### Supplied information
_____

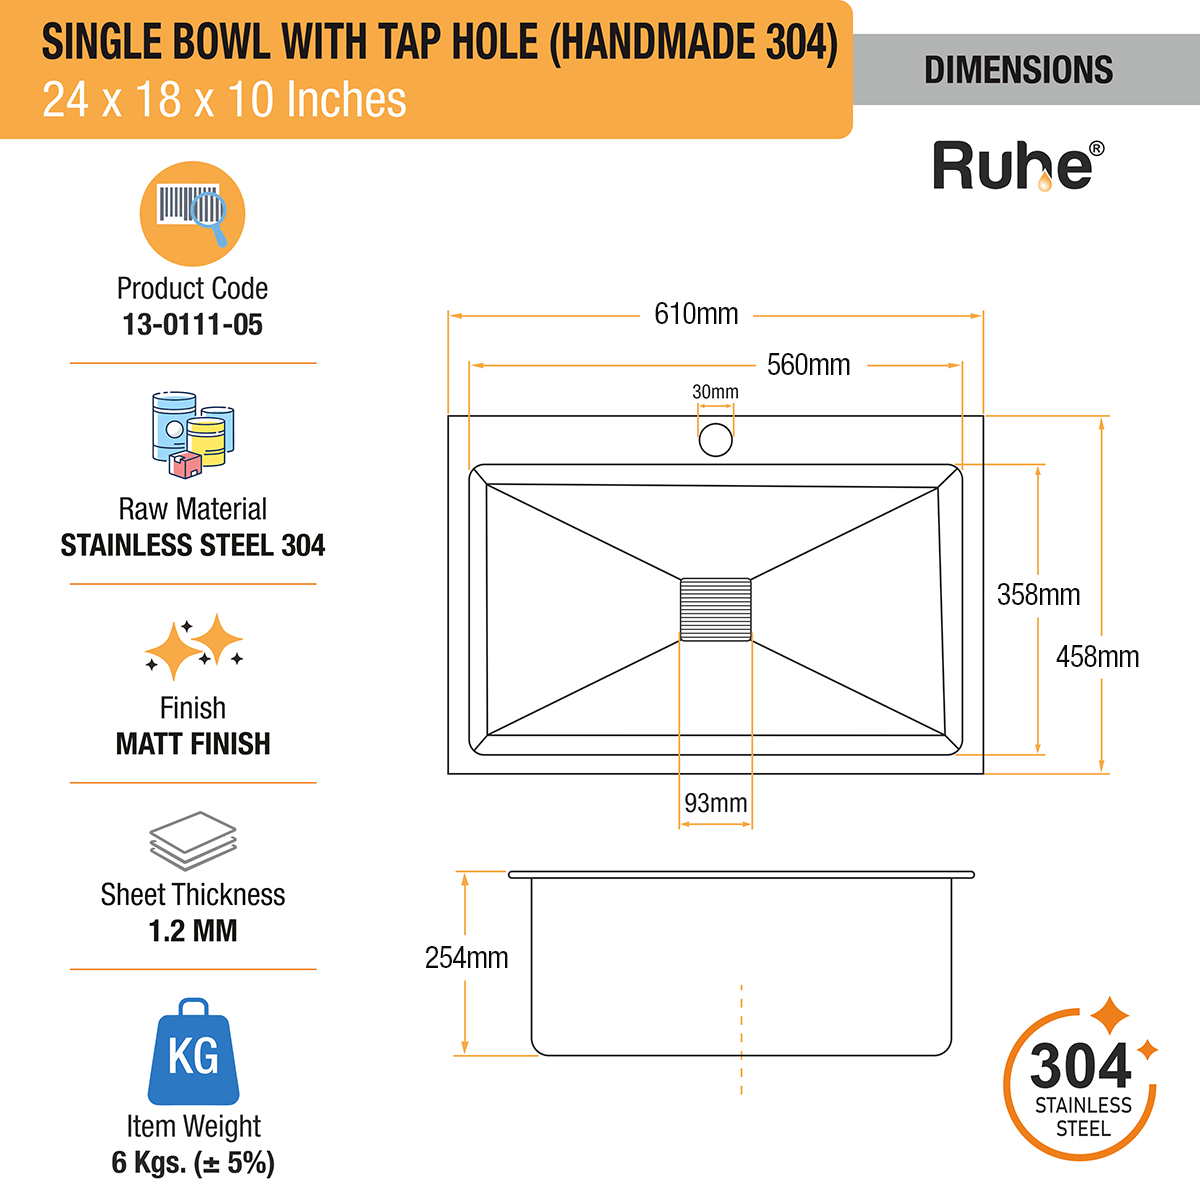 Handmade Single Bowl 304-Grade Kitchen Sink (24 x 18 x 10 Inches) with Tap Hole dimensions and sizes
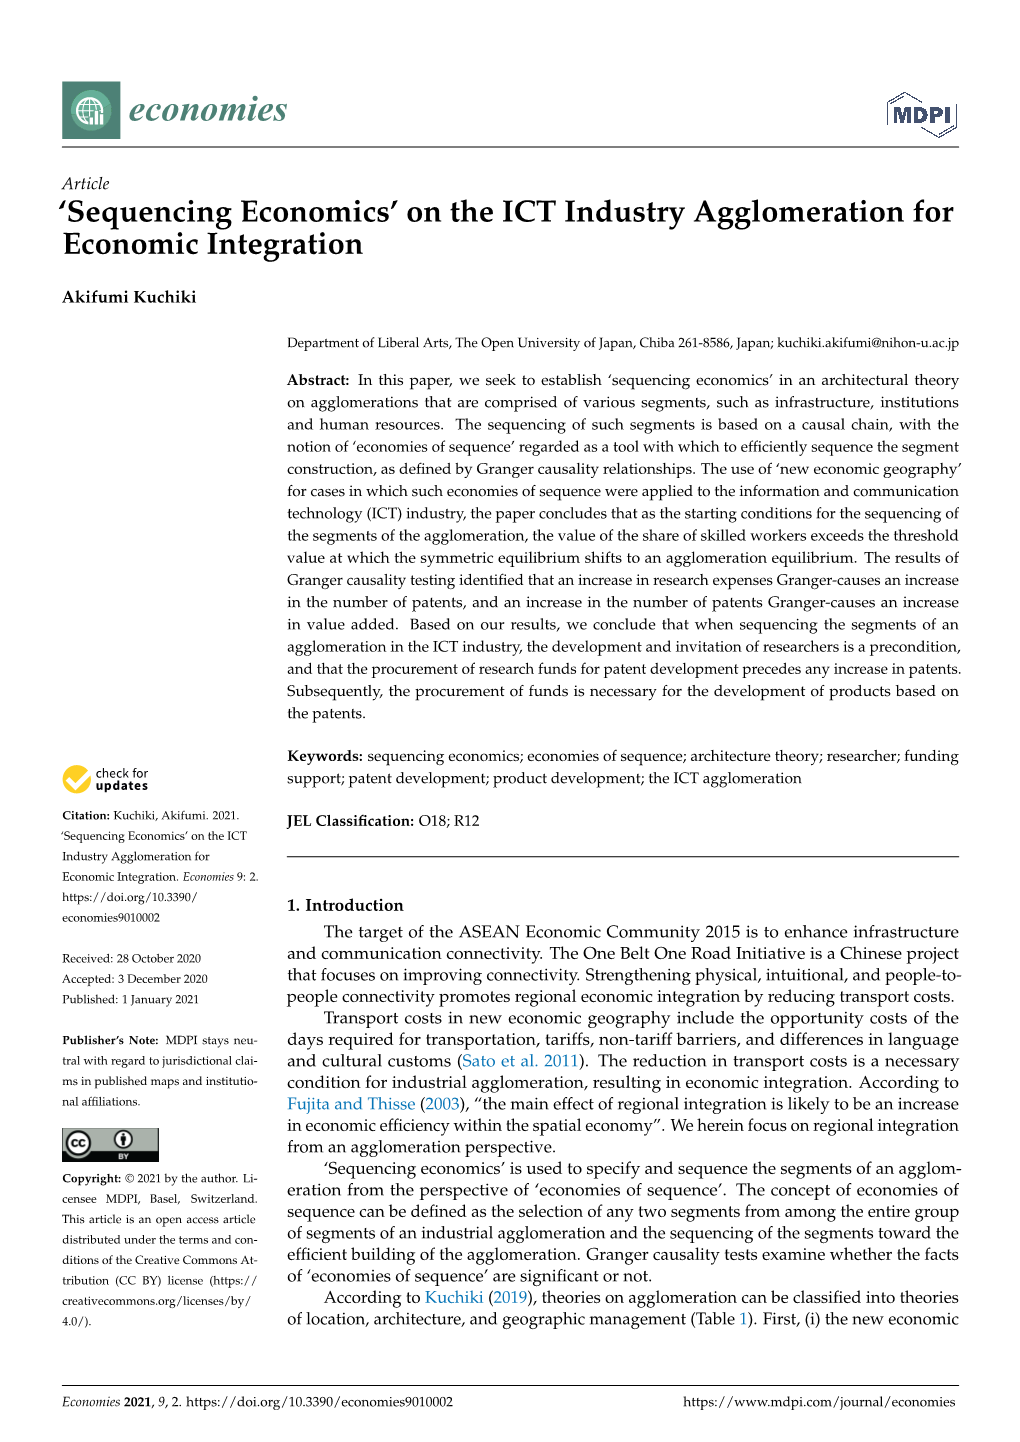 On the ICT Industry Agglomeration for Economic Integration
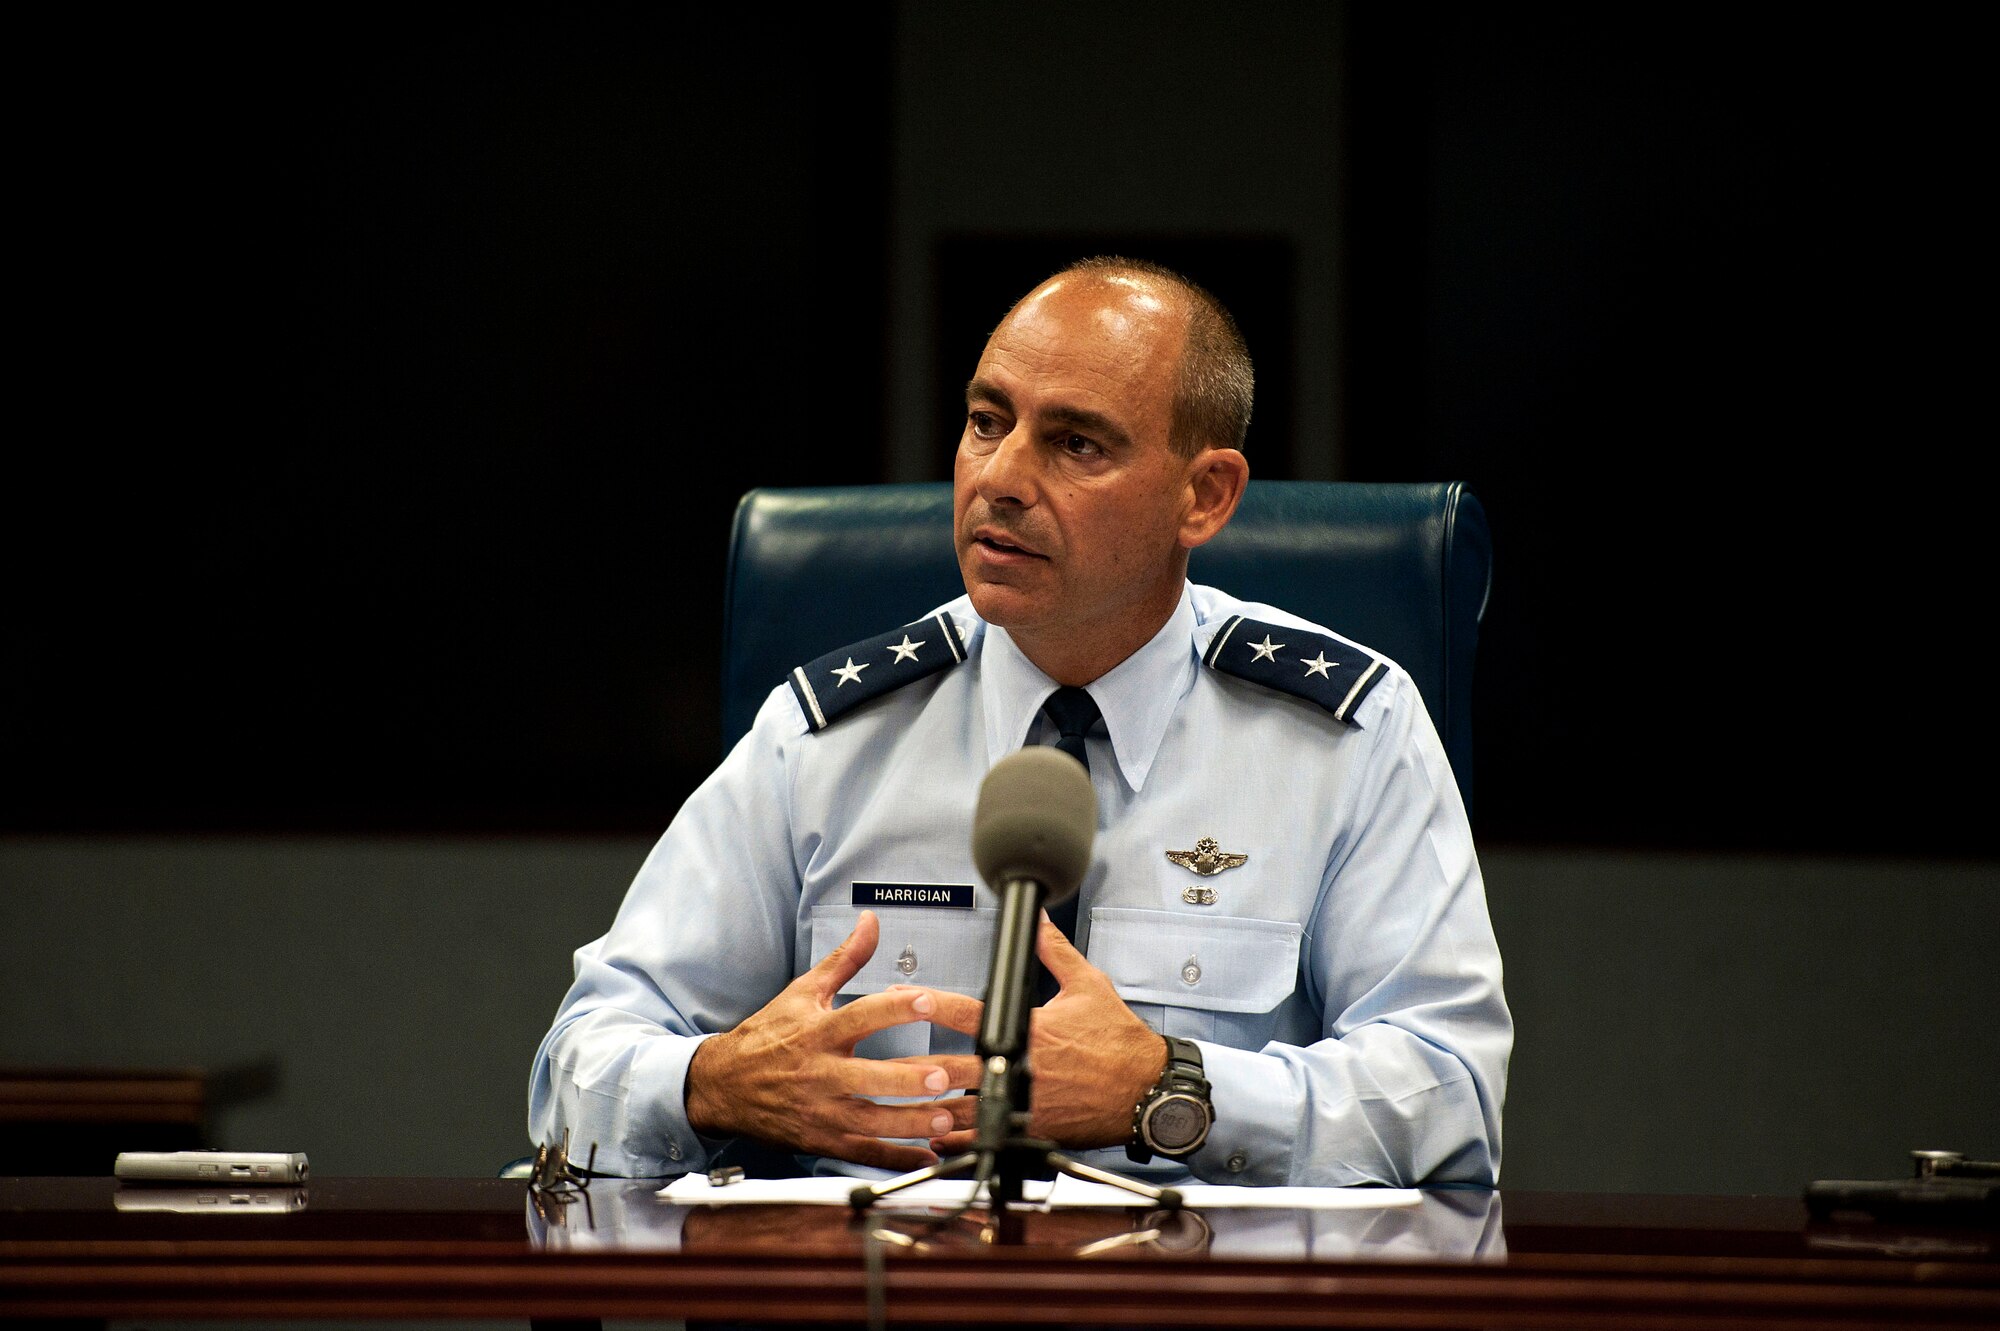 Maj. Gen. Jeffrey L. Harrigian speaks to the media in a press briefing Sept. 29, 2014, at the Pentagon, about decisive impacts airpower can bring to the current fight against ISIL. He indicated a broad coalition effort will continue to be the cornerstone for providing a persistent and lethal threat to ISIL forces. (U.S. Air force photo/Staff Sgt. Anthony Nelson Jr.)

_____

### Work instruction
Write the listing out a second time exactly, dropping all images.

### Response to this exercise
 Handmade Single Bowl 304-Grade Kitchen Sink (24 x 18 x 10 Inches) with Tap Hole dimensions and sizes
 On the ICT Industry Agglomeration for Economic Integration
 Maj. Gen. Jeffrey L. Harrigian speaks to the media in a press briefing Sept. 29, 2014, at the Pentagon, about decisive impacts airpower can bring to the current fight against ISIL. He indicated a broad coalition effort will continue to be the cornerstone for providing a persistent and lethal threat to ISIL forces. (U.S. Air force photo/Staff Sgt. Anthony Nelson Jr.)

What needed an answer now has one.